→ Work order
In the material below, find the span from the line with "Tod's Black Penny" to the line with "New Hot Chinese" and transcribe only those lines, exactly, ends included, without the pictures.

→ Material to process
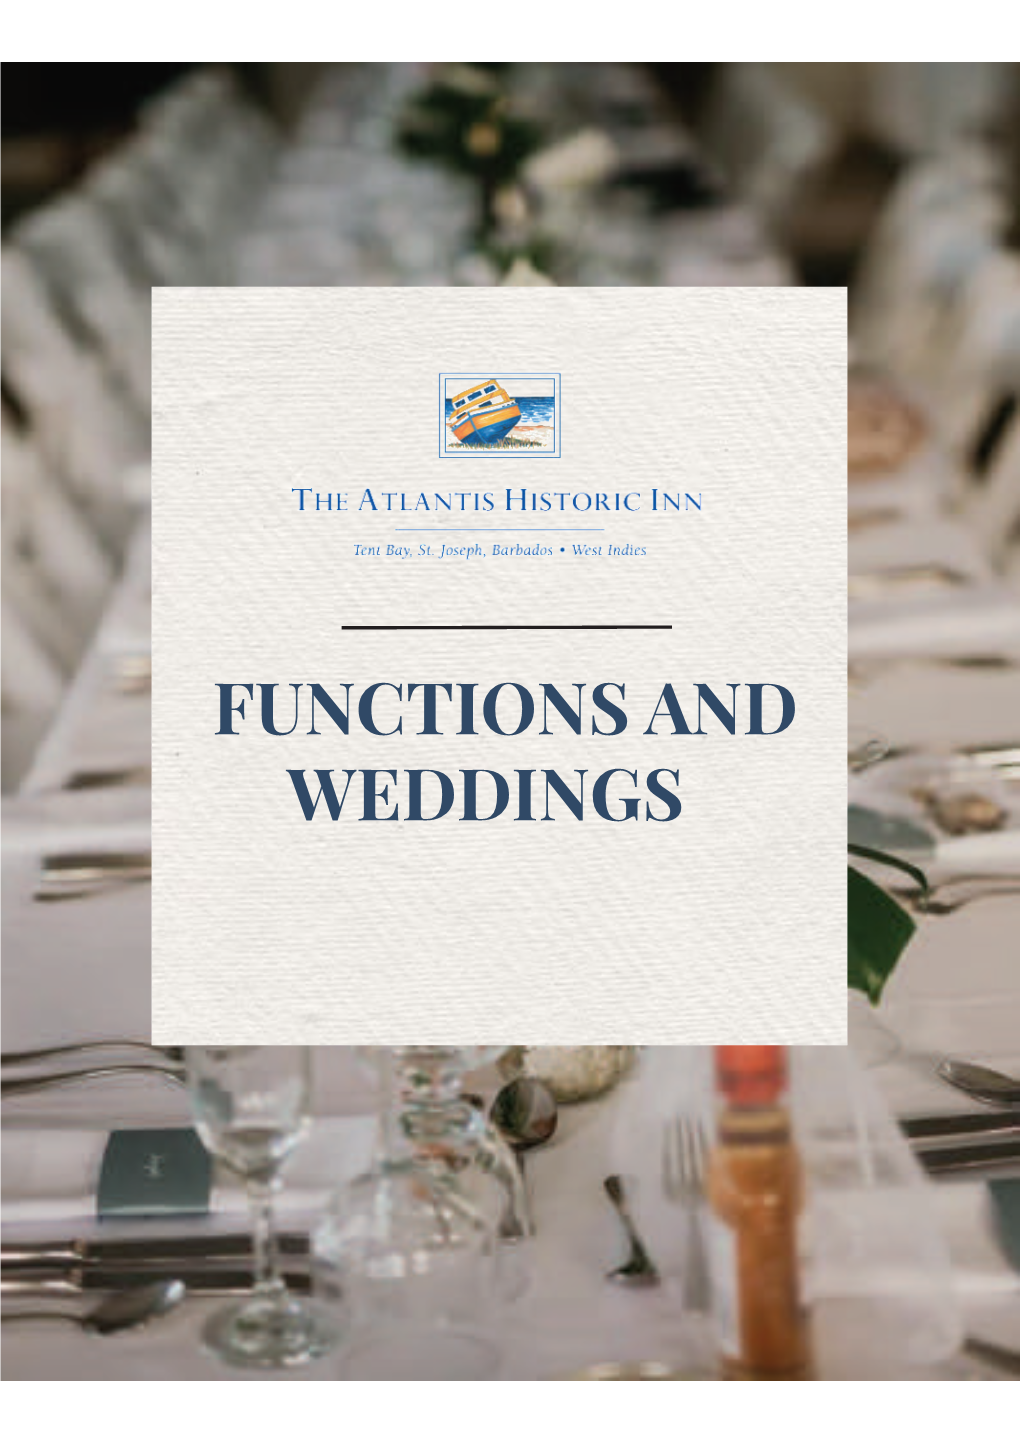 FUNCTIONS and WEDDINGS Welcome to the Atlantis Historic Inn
---
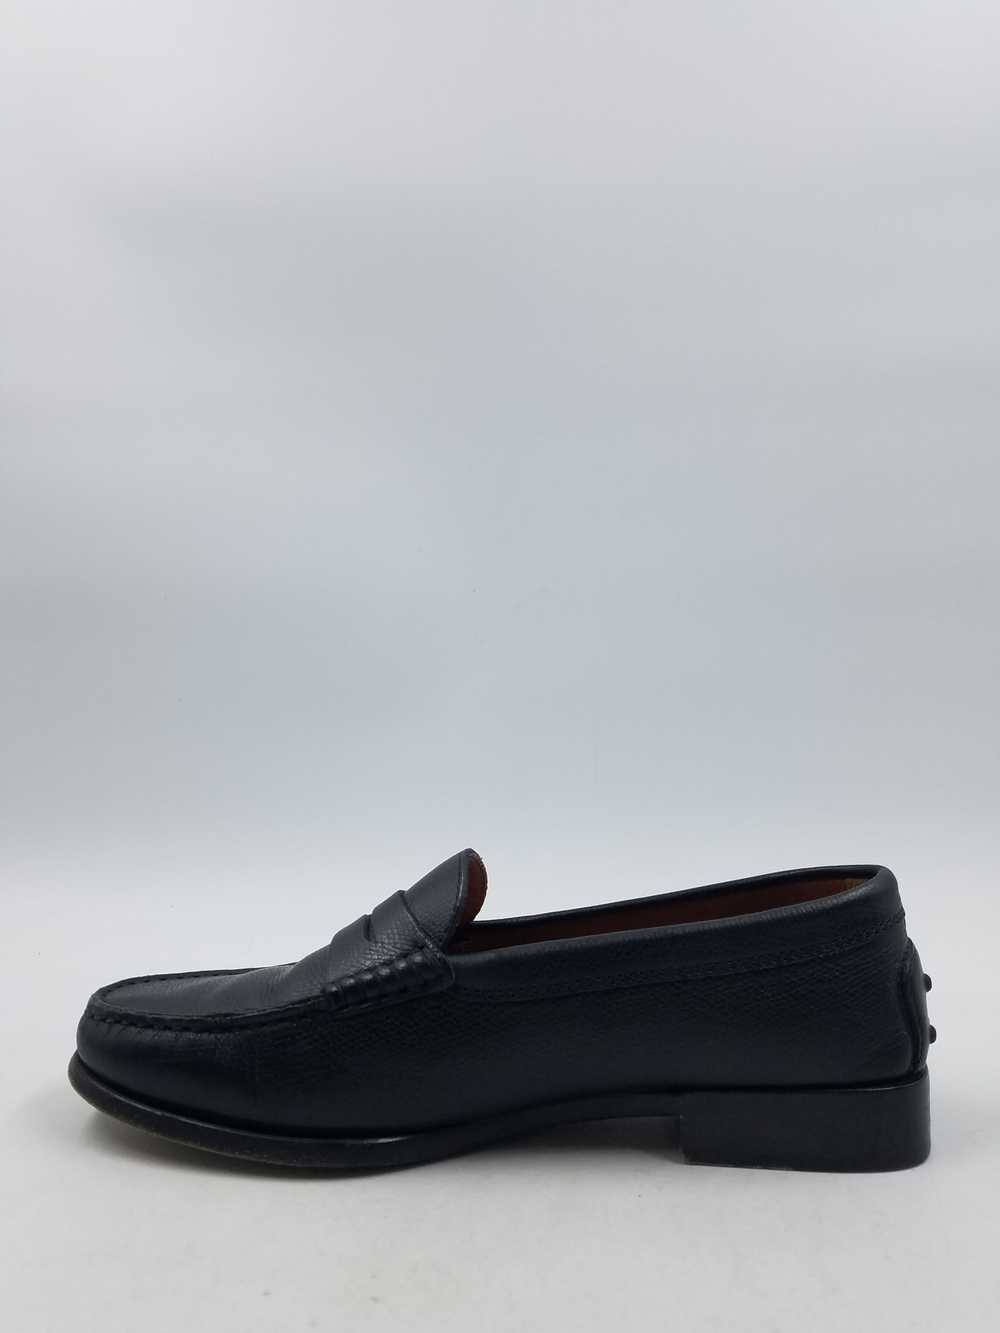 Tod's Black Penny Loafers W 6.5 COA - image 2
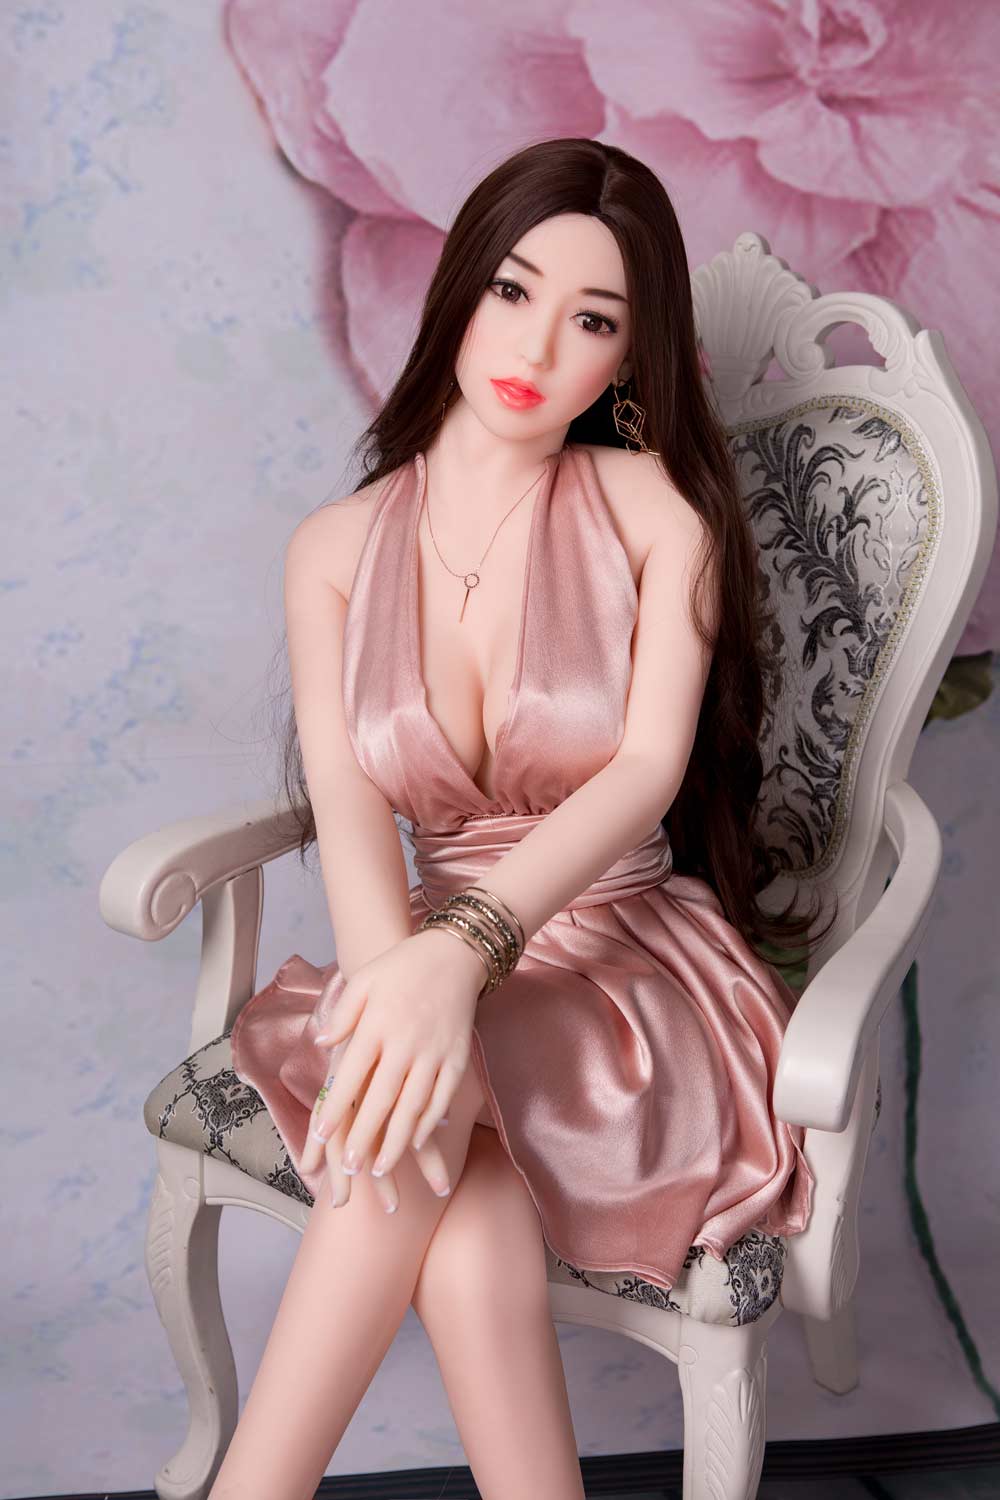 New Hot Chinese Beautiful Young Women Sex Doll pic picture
--
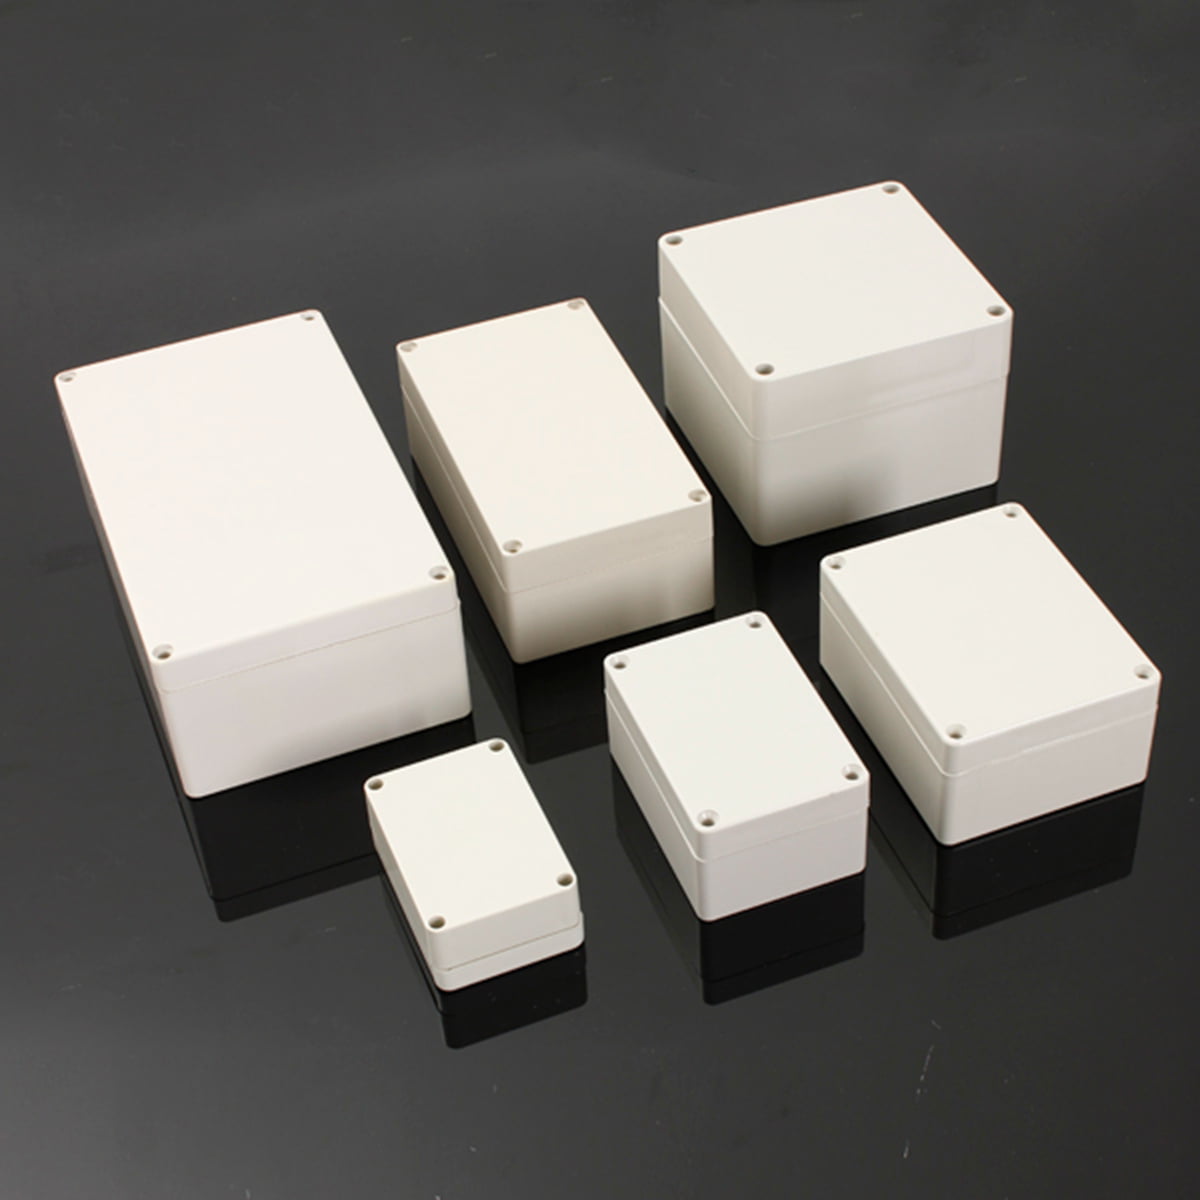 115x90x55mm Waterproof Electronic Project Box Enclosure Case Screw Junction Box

→ Reply
 Tod's Black Penny Loafers W 6.5 COA - image 2
 New Hot Chinese Beautiful Young Women Sex Doll pic picture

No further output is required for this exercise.